Wenn aber Beer davon spricht, dass seine jetzt vorgelegte Sammlung zeitgenössischer Kunst zur Bibel eine „Begegnung auf Augenhöhe“ ermöglichen soll und will, muss er mit Widerspruch rechnen. Er nimmt diesen Widerspruch vorweg, wenn er davon berichtet, dass ihm Johannes Geccelli, mit dem er später freundschaftlich verbunden war, bei einer ersten Begegnung gebeten hat, seine Bilder nicht zu interpretieren  „Pfarrer sehen da immer nur Bücher und damit die Bibel“ (Johannes Geccelli). Und dass Werner Knaupp ihm geschrieben habe, dass er viele negative Erfahrungen mit der „Institution Kirche gemacht habe“. Von Geccelli und Knaupp gibt es in Beers vorliegender Sammlung keine Bilder, warum auch immer. Beer schreibt weiter, dass sich die Reihe der Beispiele schnell verlängern ließe und dass die andere Seite auch nicht weniger Beispiele hat, „dass Künstler nur provozieren, die Notwendigkeit eines Gottesdienstraumes nicht respektieren usw.“ (Johannes Beer). Beer will die Diskussion nicht unnütz weiter fortsetzen und die Erfahrungen und Vorurteile gegeneinander nicht länger aufrechnen. Stattdessen „versuche ich lieber, neue Erfahrungen zu ermöglichen und Vorurteile zu entkräften. Seit über 20 Jahren mache ich nun Ausstellungen in kirchlichen Räumen und arbeite mit Künstlerinnen und Künstlern zusammen. Wir nehmen uns gegenseitig ernst und respektieren die gegenseitigen Bedingungen. Wir lassen uns beide auf die jeweilige Sprache des anderen ein. Und dann geschieht er eben, der ersehnte Dialog auf Augenhöhe“. Die Frage ist nur, ob der Dialog gelingen kann, wenn der Rahmen und die Bedingungen, die durch die autonomen Systeme und Kunst und Religion für diesen Dialog gesetzt sind, nicht eigens reflektiert werden. Illustrationen bleiben Illustrationen. Sie führen keinen Dialog.

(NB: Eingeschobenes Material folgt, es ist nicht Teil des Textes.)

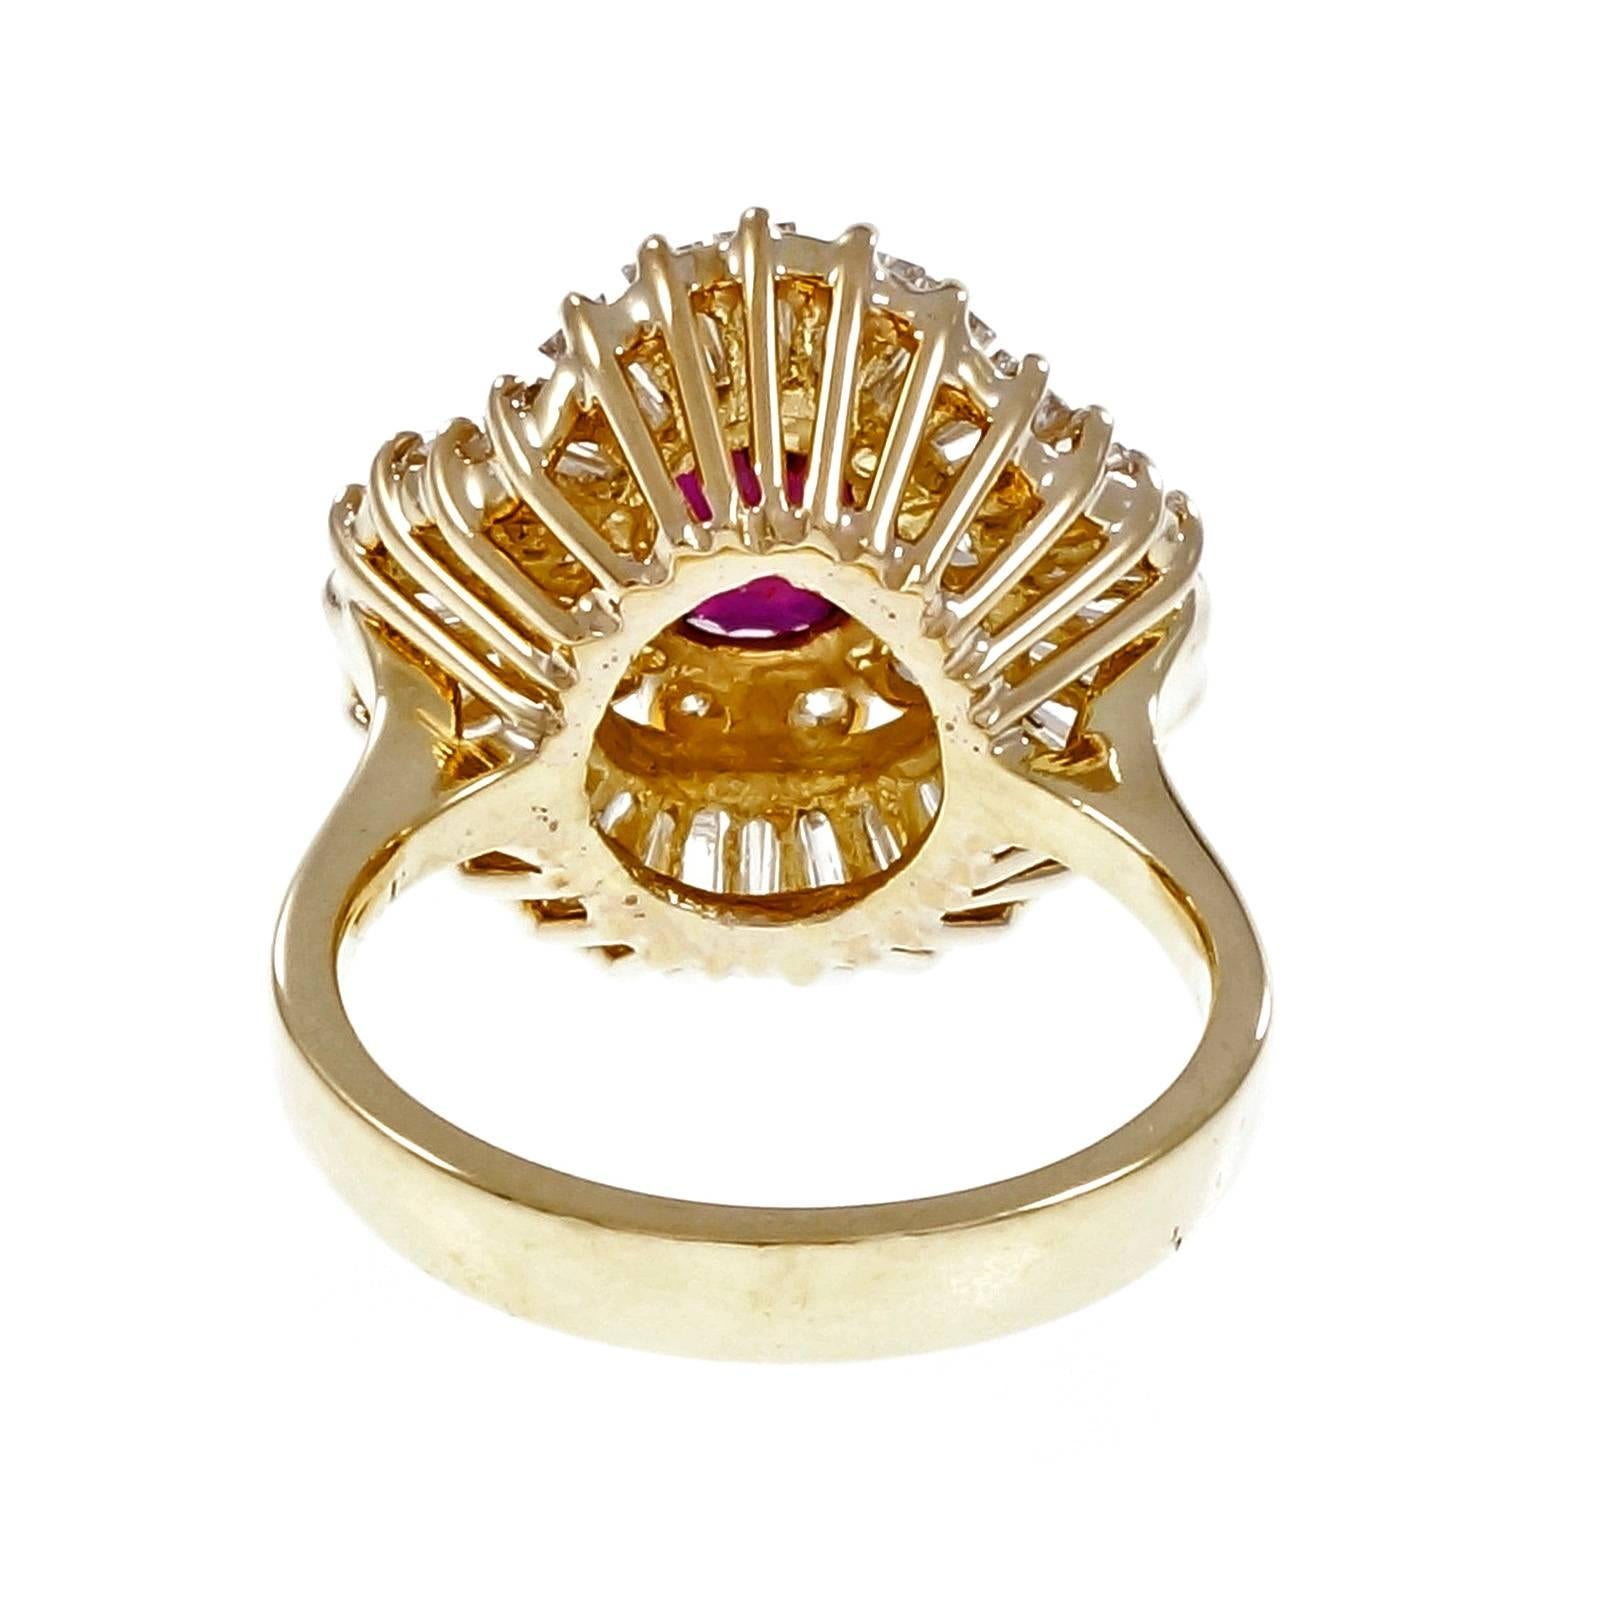 1960’s Ruby Diamond Gold Ballerina Cocktail Ring. Ballerina style handmade 18k yellow gold ring with a vivid bright red Ruby GIA certified natural simple heat only. Bright white baguette and round diamonds.

1 oval red Ruby, approx. total weight

Die Problematik wird unter anderem an der im ersten Moment scheinbar nebensächlichen Beobachtung deutlich, dass einige der Künstler eigens betonen, dass sie bei ihren Arbeiten keine Bibelstelle anführen können. So schreibt etwa Axel Vater zu seiner Bleistiftzeichnung ‚Quelle und Kreuz im Gebirge‘:  „Eine direkte Bibelstelle führe ich nicht an. Alle meine Arbeiten zu diesem Thema befragen das Kreuz nach seiner möglichen Gültigkeit in der Gegenwart und nach seinen möglichen Aspekten. Dem Kreuz sind hier Quelle und Gebirge zugeordnet. Das Gebirge (mineralisch) steht für den Todesprozess, die Quelle für das Leben. Wasser ist stärker als Stein. Das Kreuz kann hier nicht nur als Heils-, sondern auch als Lebenszeichen verstanden werden“ (Alex Vater). Bernd Zimmer hat seine Zeichnung aus dem Jahr 2011 aus seiner Kosmos-Serie „Tag 1“ betitelt. Der Zeichnung steht das Bibelwort 1  Mose 1, 3 „Und Gott sprach: Es werde Licht! Und es ward Licht“ gegenüber. Man fragt sich, wenn man sechs Seiten vorher die Bemerkung von Axel Vater gelesen hat, ob der Verweis auf 1. Mose 1,3 vom Künstler oder vom Herausgeber des Bandes stammt. Statt auf den biblischen Schöpfungsbericht hätte auch auf den babylonischen Schöpfungsbericht oder andere Schöpfungsmythen verwiesen werden können. Bernd Zimmer ist zwar dem christlichen Kontext eng verbunden, aber er war ein Leben lang in allen Kulturen unterwegs. Der Verweis auf 1.Mose 1,3 ist also einer unter vielen möglichen und ‚Tag 1‘ könnte gut und gerne auch für andere erste Tage stehen.  Wenn schließlich Künstlerinnen wie Sonja Tintelnot ihre Arbeit „Palmarum“ zu Johannes  12,12-15 in Beziehung setzen und dann erklären, wie die Arbeit zu verstehen ist, fragt man sich, ob man als Bibelleser und autonomer Rezipient noch selber sehen und denken oder ob man vorgegebenen Interpretamenten folgen soll. Kurz: Auch eine in der Tradition der Bibelillustrationen stehende Sammlung kommt nicht ohne Antworten auf die Grundfragen der Hermeneutik aus. Schließlich: Wenn man ‚Zeitgenössische Kunst zur Bibel‘ liest, erwartet man autonome Kunst auf der Höhe der Zeit und keine Illustrationen. Die vorliegende Sammlung stellt autonome Kunst und Illustrationen ununterschieden nebeneinander. Auch deshalb bleibt das Vorhaben unbefriedigend.